Ripresi a fare il medico, con nuova esperienza ed un diverso concetto di come vivere, pensare, capire. Non bastava lavorare e fare del bene. Bisognava aiutare a costruire un mondo nuovo, migliore (eterna utopia) che non ripeta più gli errori del passato. Sono ormai passati 19 anni dalla mia iscrizione al PSI e mi illudo di aver fatto qualcosa per la città che mi ha mandato per tre volte al consiglio Comunale, dove sono stato a turno consigliere, assessore, vice-sindaco (eletto con 37 voti su 40) e poi Sindaco. Per cinque anni fui consigliere dell’Ente Provinciale Colonie e per altri cinque Consigliere del Consorzio Provinciale Antitubercolare.

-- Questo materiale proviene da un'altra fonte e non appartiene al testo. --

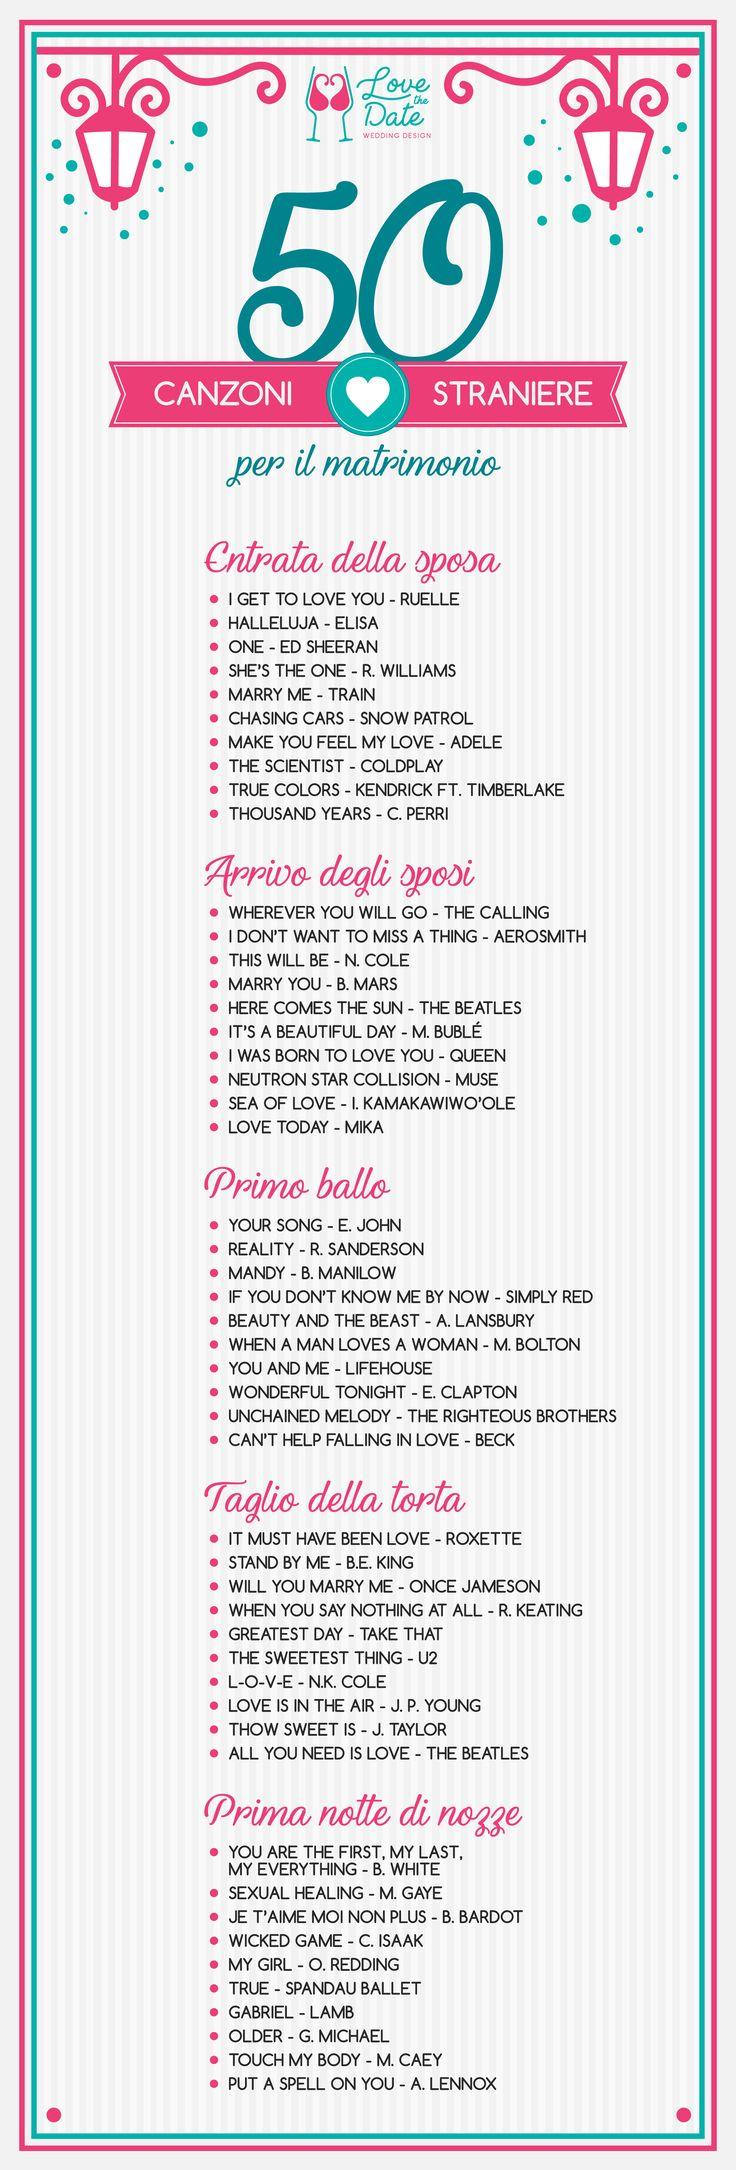 Lista di 50 canzoni d'amore straniere per il matrimonio - entrata della sposa, arrivo degli sposi, primo ballo, taglio della torta, prima notte di nozze

Il Partito Socialista mi volle onorare presentandomi una volta per il Consiglio Provinciale ed una volta per la Camera dei Deputati, cariche che toccarono ad altre persone appartenenti a partiti più “nutriti”, senza contare che avevano meriti maggiori. Ho assistito a diverse scissioni ma sono e resto nenniano, per un socialismo senza fanatismi, per un mondo libero senza polizie politiche, di nessun genere. Nato in Europa orientale, diventato Italiano e vigevanese, sono e resto un europeo libero e socialista.”